Последний в «нулевом» десятилетии — действительно год Антона Чехова и Исаака Левитана. 150-летие со дня рождения. Они были одногодками и, как известно, дружили. Дружбу эту лишь однажды, но довольно глубоко омрачило появление чеховского рассказа «Попрыгунья», в котором художник усмотрел оскорбление Софьи Петровны Кувшинниковой, большого своего друга. Каким же чутким и ранимым был душевный строй Левитана, если Чехову, относившемуся к нему с предупредительной осторожностью, любившему его художнический дар, довелось все же однажды больно задеть его неосторожным прикосновением.

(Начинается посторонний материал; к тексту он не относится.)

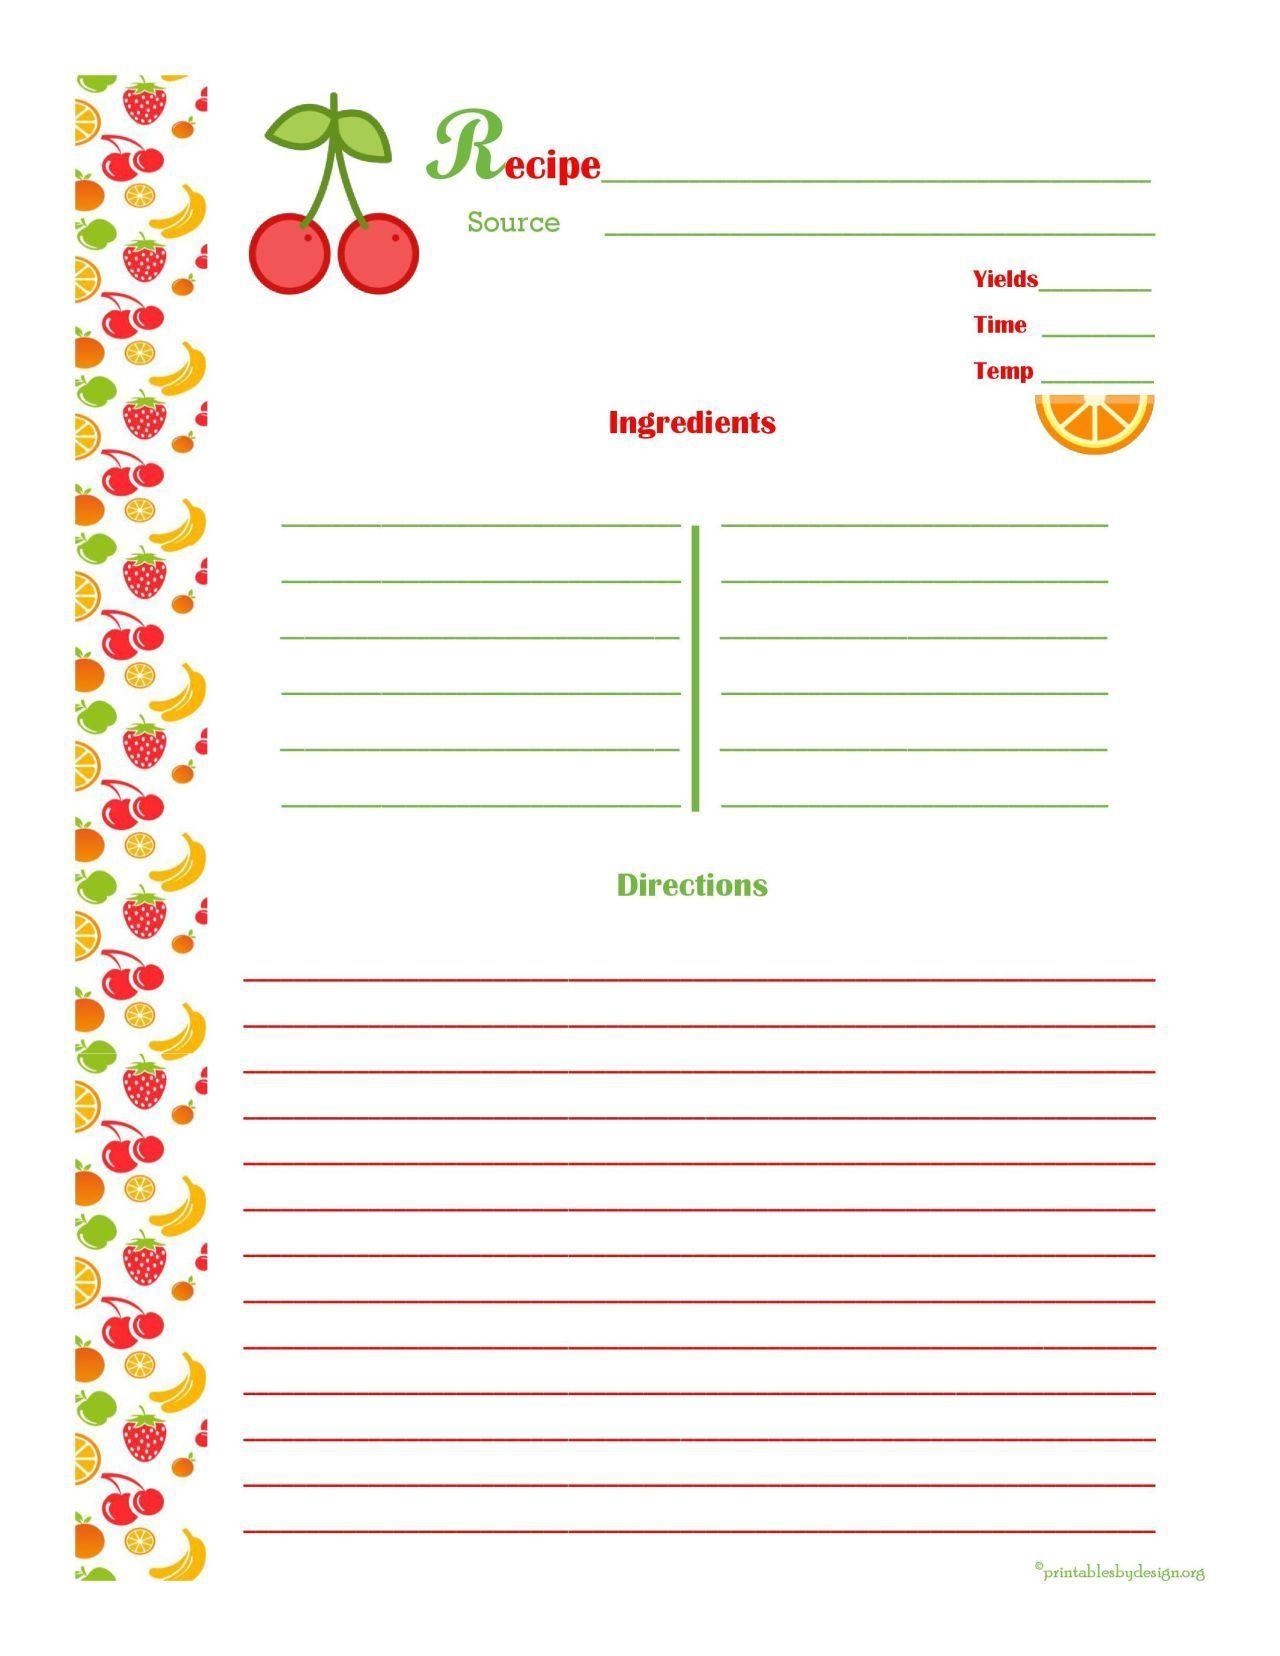 001 Striking 3 X 5 Recipe Card Template Microsoft Word Idea Full
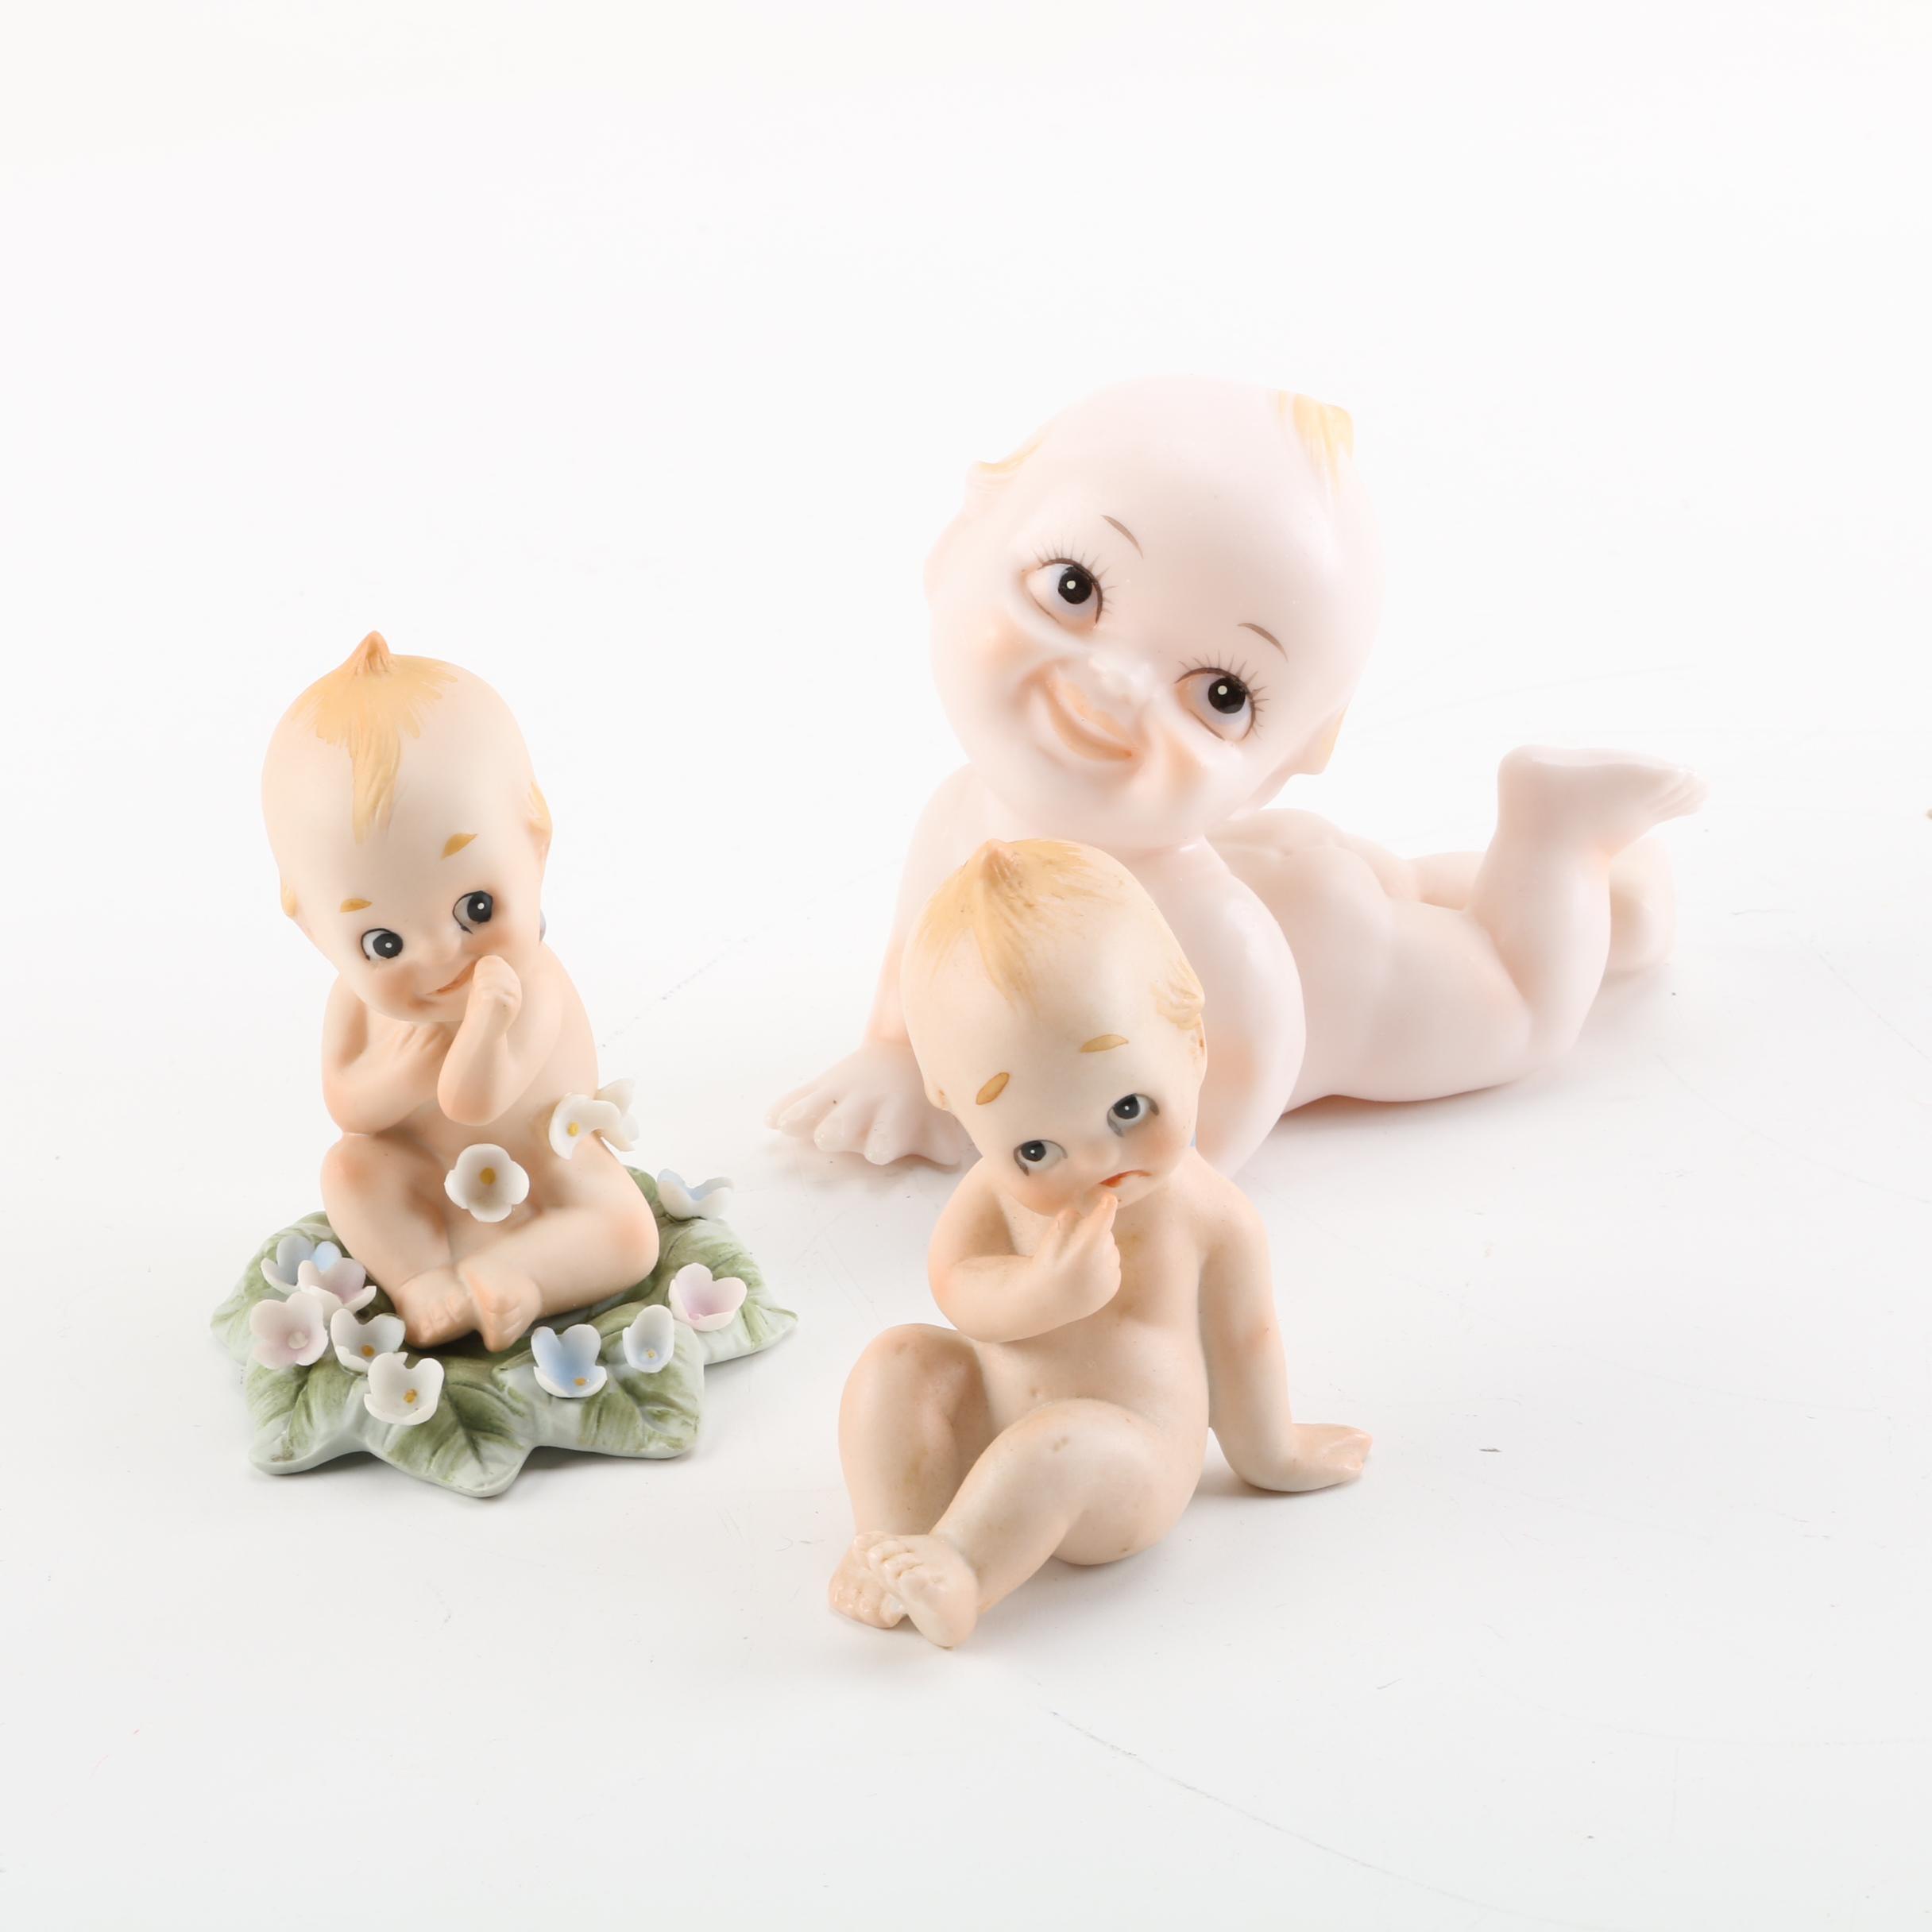 Vintage Porcelain Bisque Kewpie Figurines Featuring Lefton and Norcrest

«Мы возмужаем и верней оценим / простые краски, точные слова». Строки из стихотворения Николая Рыленкова «Левитан». Это очень точно о красках Левитана и словах Чехова. С обоими у нас связано представление об утонченном, печальном и светлом восприятии и отражении мира. Взгляд в трагические глубины бытия и смерти, кажется, не из их палитры. Между тем у каждого из них была своя встреча с Черным человеком.
Общеизвестна легенда о том, как к Моцарту перед его кончиной пришел человек в черном и заказал реквием. Композитор его написал. Но заказчик не явился. Явилась смерть. С тех пор Черный человек вошел в обиход как предвестник смерти, как образ встречи человека с бездной, обессмысливающей все краски жизни.
Черный человек приходил и к Чехову. Но странное остается впечатление от этой встречи. Писатель как бы все время сохраняет при этом внутреннюю невозмутимость и даже некую отстраненность, оценивая гостя как пациента, взглядом внимательного, опытного врача, которого ничем уже не удивишь, которому главное сейчас — поставить безошибочный диагноз.
Такая же трезвость и беспристрастность была у него и по отношению к самому себе. В Москве есть улица, не нанесенная на самые подробные городские планы. Stria Vitae. Стрела Жизни, аллея Жизни. Так зовут студенты первого медицинского вуза России широкую асфальтовую аллею, к которой примыкают институтские клиники. Начинается она акушерским корпусом и заканчивается паталогоанатомическим. В одном из этих зданий Толстой посетил тяжелобольного Чехова. И о чем бы вы думали они спорили? О предмете, который не принято затрагивать у больничной постели. О смысле жизни, о смерти и бессмертии. Сейчас Марлен Хуциев снимает по этому мотиву фильм, не менее ожидаемый думающей Россией, чем германовская лента по мотивам «Трудно быть богом». Но мне об этой встрече довелось впервые услышать давным-давно от одного из наших медицинских светил-академиков. Начав с чьей-то сентенции:
«Я оперировал много сердец, но ни в одном из них не обнаружил любви», дальше он заметил однако, что зато часто встречал её в личностях, стихах, рассказах, романах тех людей, сердца которых оперировал.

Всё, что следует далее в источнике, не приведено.